So, turns out that the problem is not with my understanding of prototypes, but in javascript's implementation of constructors in relation to their prototypal inheritance. I was attempting- without realizing it- to create a constructor that defined multiple inheritance through my function that routes the object creation to the object creation function required
. Ideally, it would pass through multiple prototypes to construct an object that inherited from multiple prototypes. Prototypal inheritance supports this, but the pseudo-constructor pattern of javascript doesn't. To work around this, I created a constructor to parse these arguments and route the object parts to the unique prototype constructors.
What I was aiming at was prototype property delegation without knowing how to properly create a dynamic, object that inherited multiple prototypes while keeping the prototype chain in tact. What I was getting was a frankensteined object thats prototype was the constructor function itself. And because its prototype was not the prototype it needed to have, attempting to inherit functions by delegation someobject.prototype.fire = function(){};
wasn't working because the object, although it inherited the concatenated properties function someobject(Arguments) { this.property = arguments;}
, it was not 'technically' an object of that prototype.

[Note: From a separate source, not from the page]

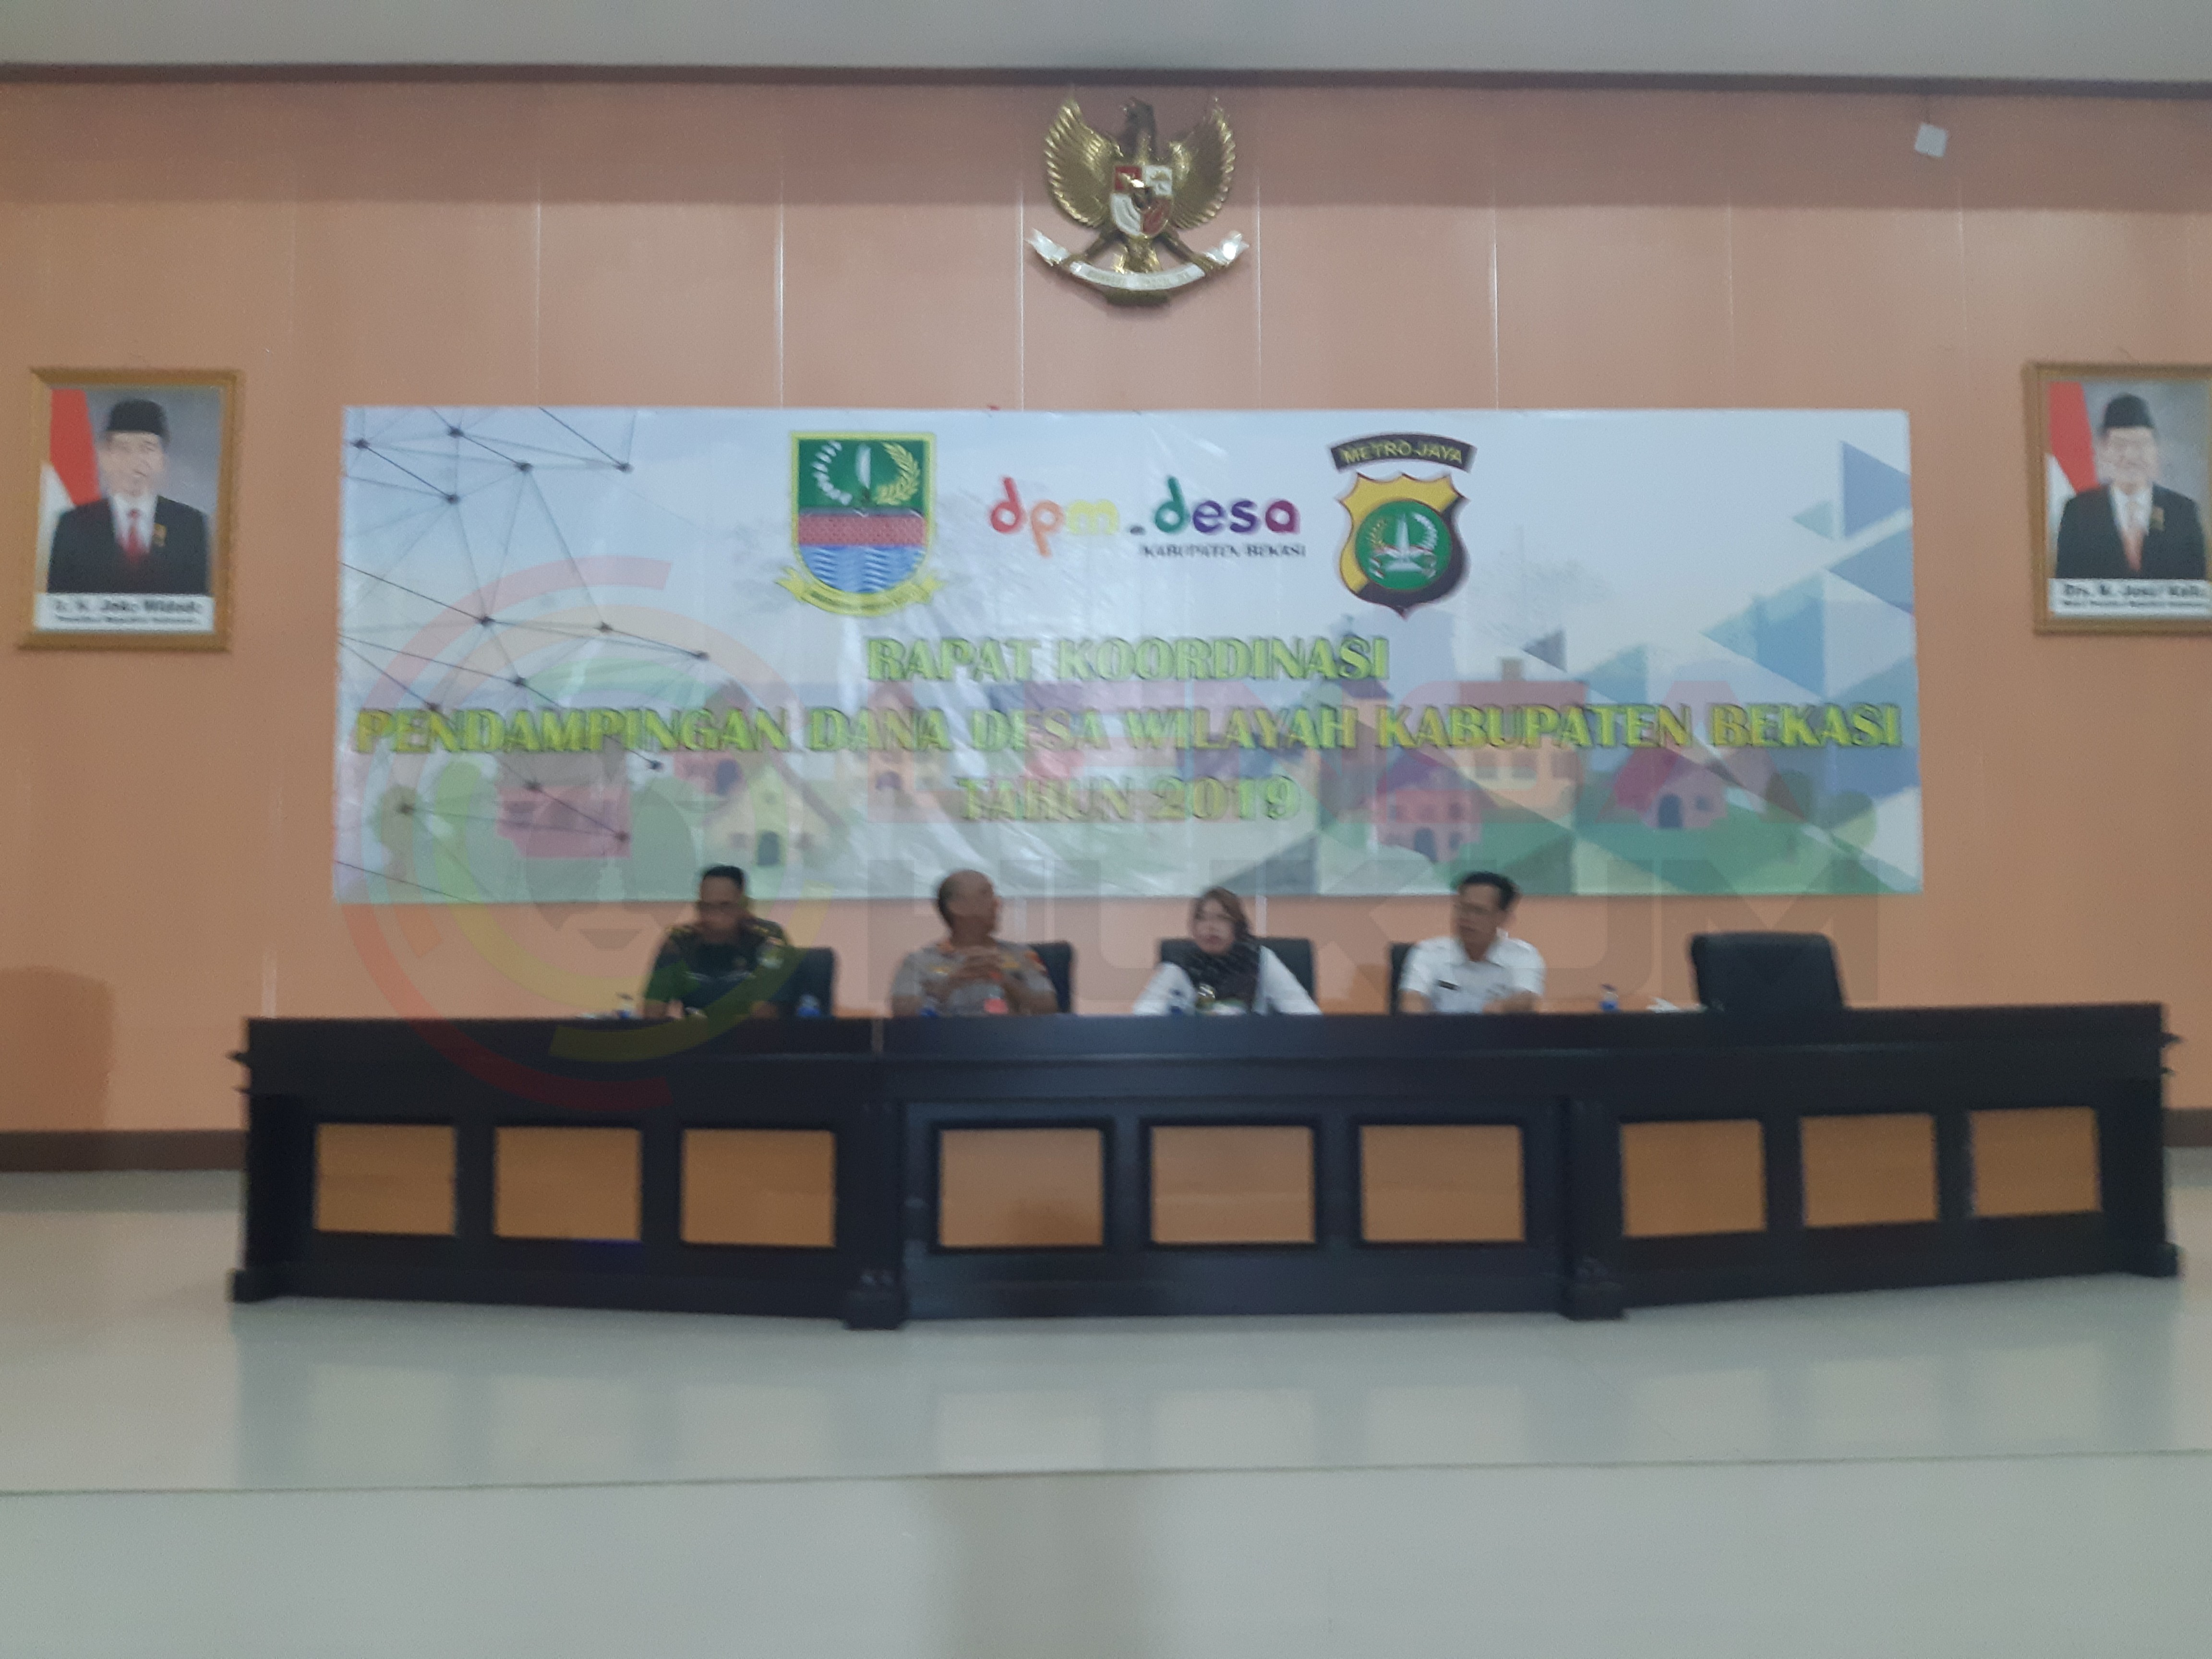 LensaHukum.co.id - 20190731 112225 - Rapat Koordinasi Pendampingan Dana Desa Kabupaten Bekasi 2019
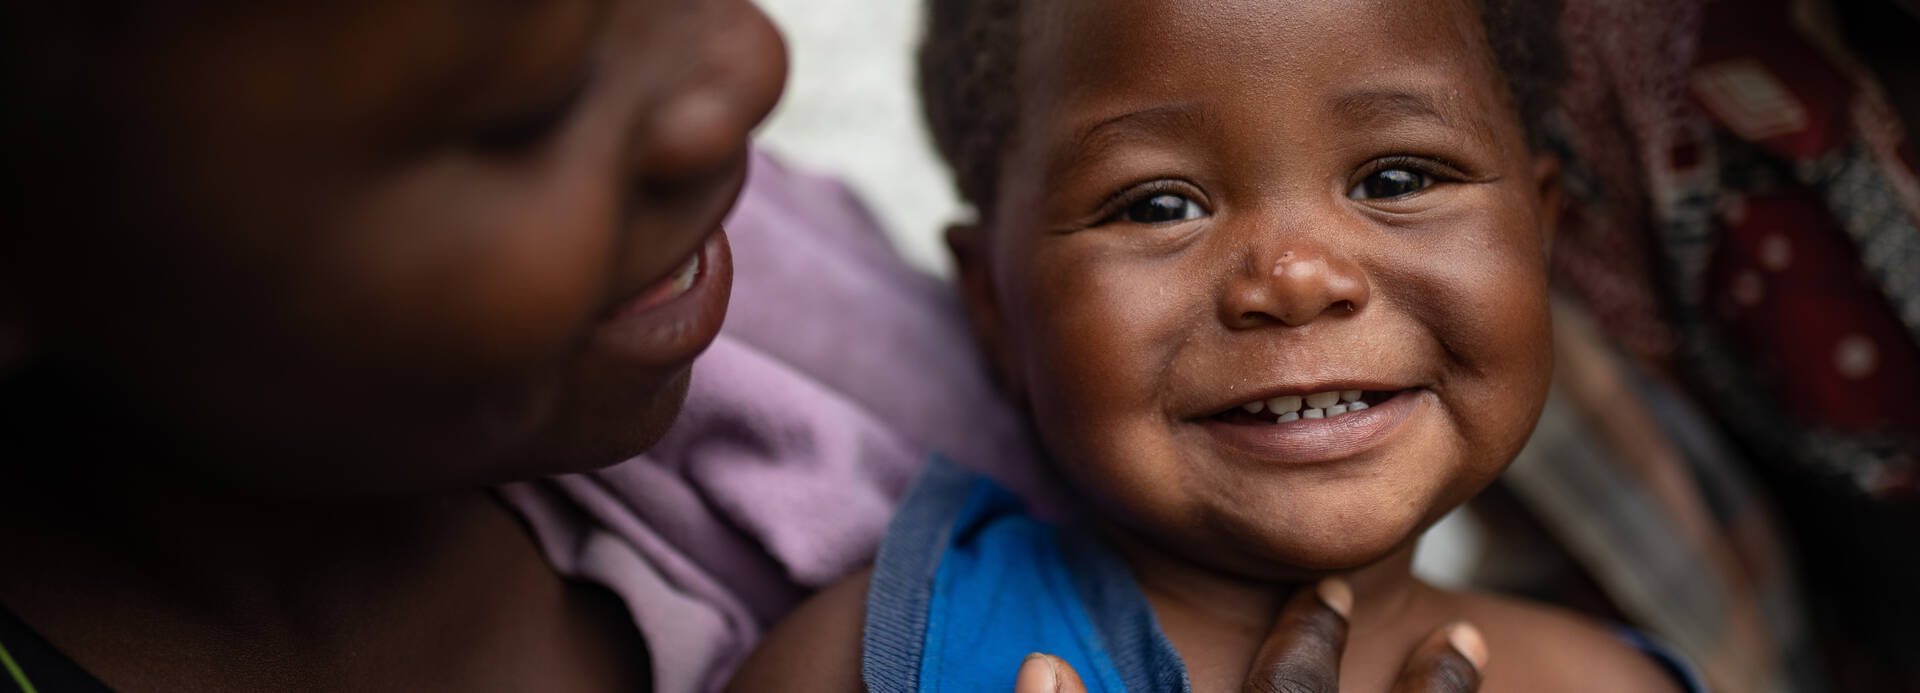 Ein Kleinkind schaut lachend in die Kamera, während die Mutter es beschützend hält und anlächelt

Unfortunately, it seems that most every learning resource for javascript ties the constructor/prototype patterns by the hip and never even bother explaining why constructors aren't truly conducive to prototypal inheritance. Except for this great article.
I was getting the prototype chain I was because it was inheriting its prototype from the constructor itself, which was a simple function and thus a simple object. Although javascript does support property delegation and multiple inheritance, the constructor pattern does not.